Five for the next ninety days
00:34:12 Here are the five items I have on my list for the next ninety days. First, the Anthropic-Pentagon written opinion. Henderson, Katsas, and Rao agreed to expedite. If the panel comes down for Anthropic, the Pentagon will need a new theory of why an American AI company's terms of service constitute a national security risk.
00:34:29 If they come down for the Pentagon, every other American lab needs new legal counsel. Second, the SpaceX S-1. Whether Guidelight's letter forces a disclosure paragraph on xAI's regulatory and litigation exposure, and whether any underwriter named on the deal is asked about it on the record.

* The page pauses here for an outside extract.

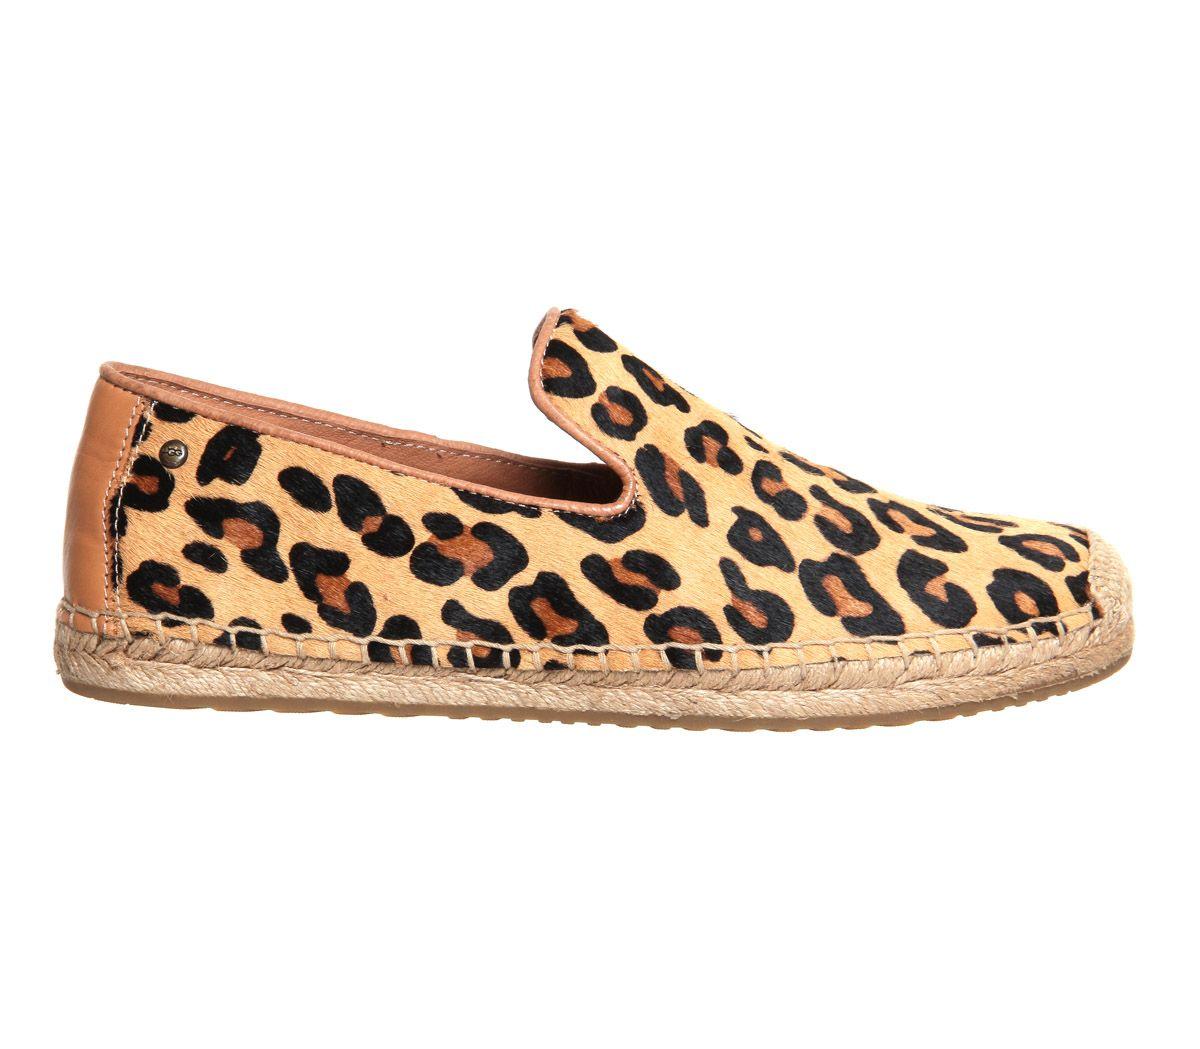 2b36ae67f1c Buy Leopard Calf Hair UGG Australia Sandrinne Espadrille from OFFICE ...
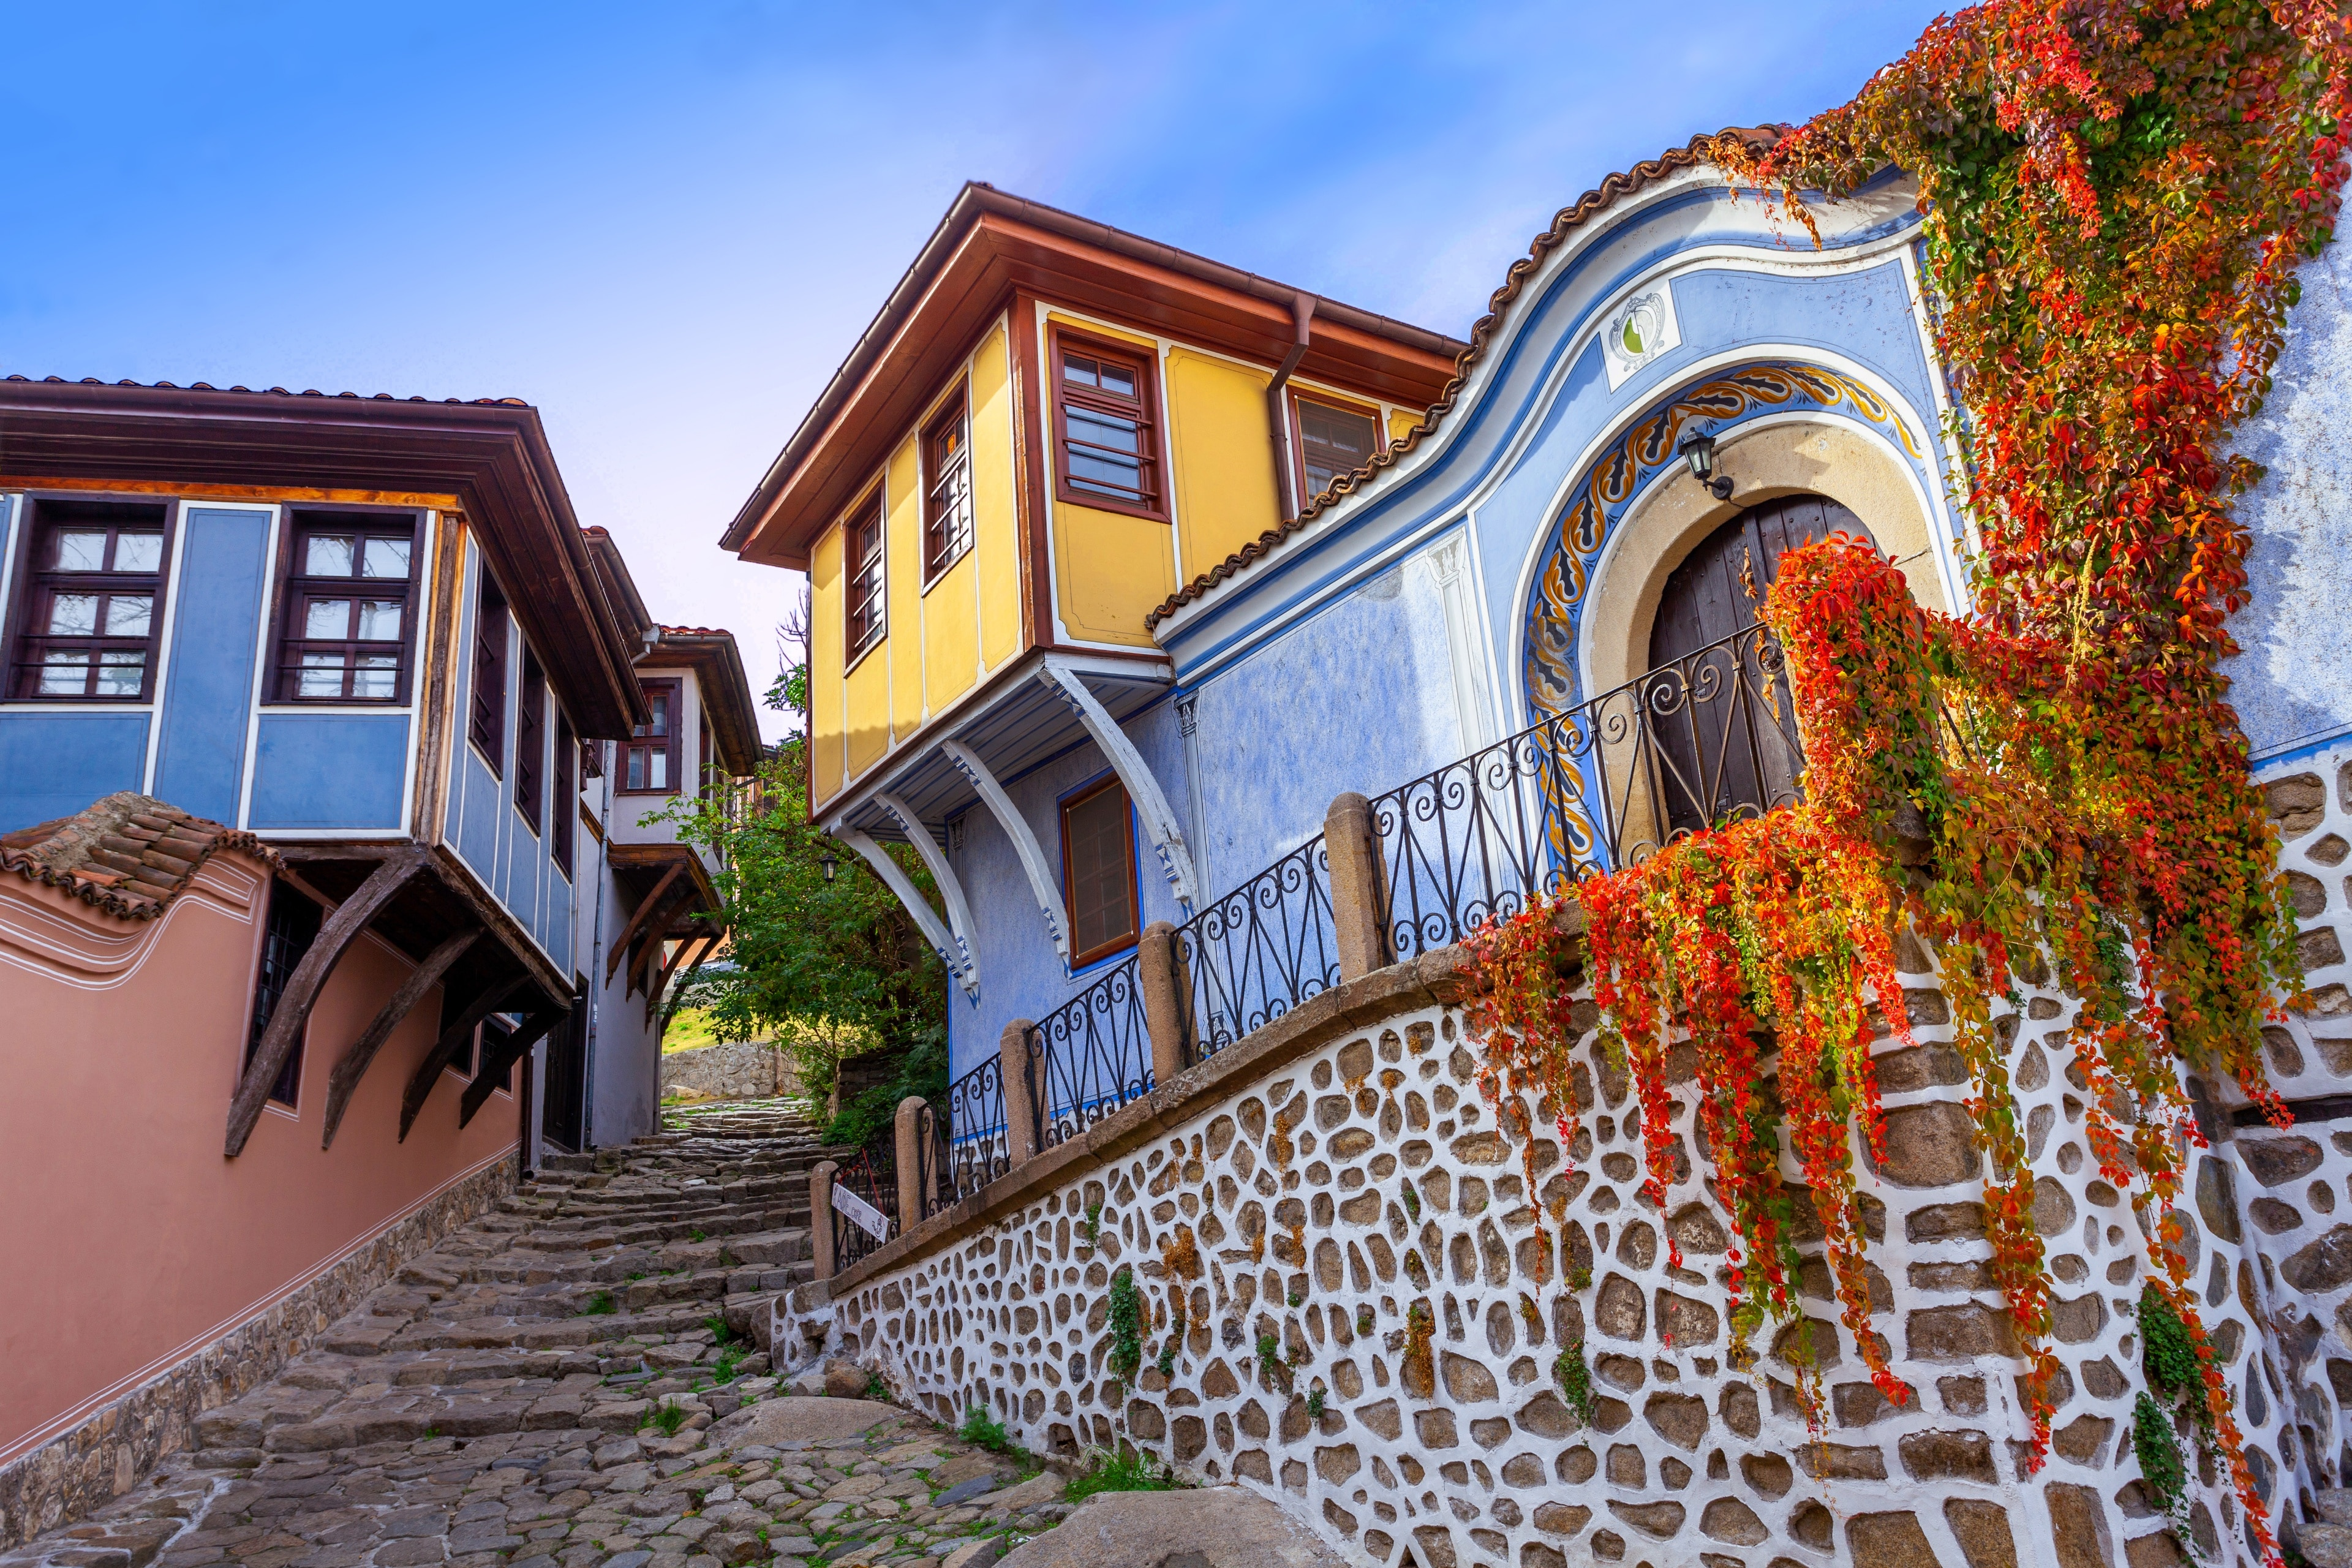 Plovdiv, Plovdiv Province, Bulgaria

00:34:45 Third, the next Army enterprise contract. Anduril's multiple holds or breaks on whether Vought's procurement reform produces a second-quarter pattern in the data, not a one-off March announcement. Fourth, the U.S.-China AI protocol document. Bessent's non-state-actor language needs to convert into a written instrument.
00:35:02 If it doesn't, the dialogue is performance. And fifth, one for the back of the mind. Andrej Karpathy at Anthropic, running a team that teaches Claude to improve Claude's training, while METR is reporting that monitoring systems inside the frontier labs already have exceptions and workarounds.
00:35:18 Those two things sit on the same shelf. They come down off the shelf together. I'm Jonas.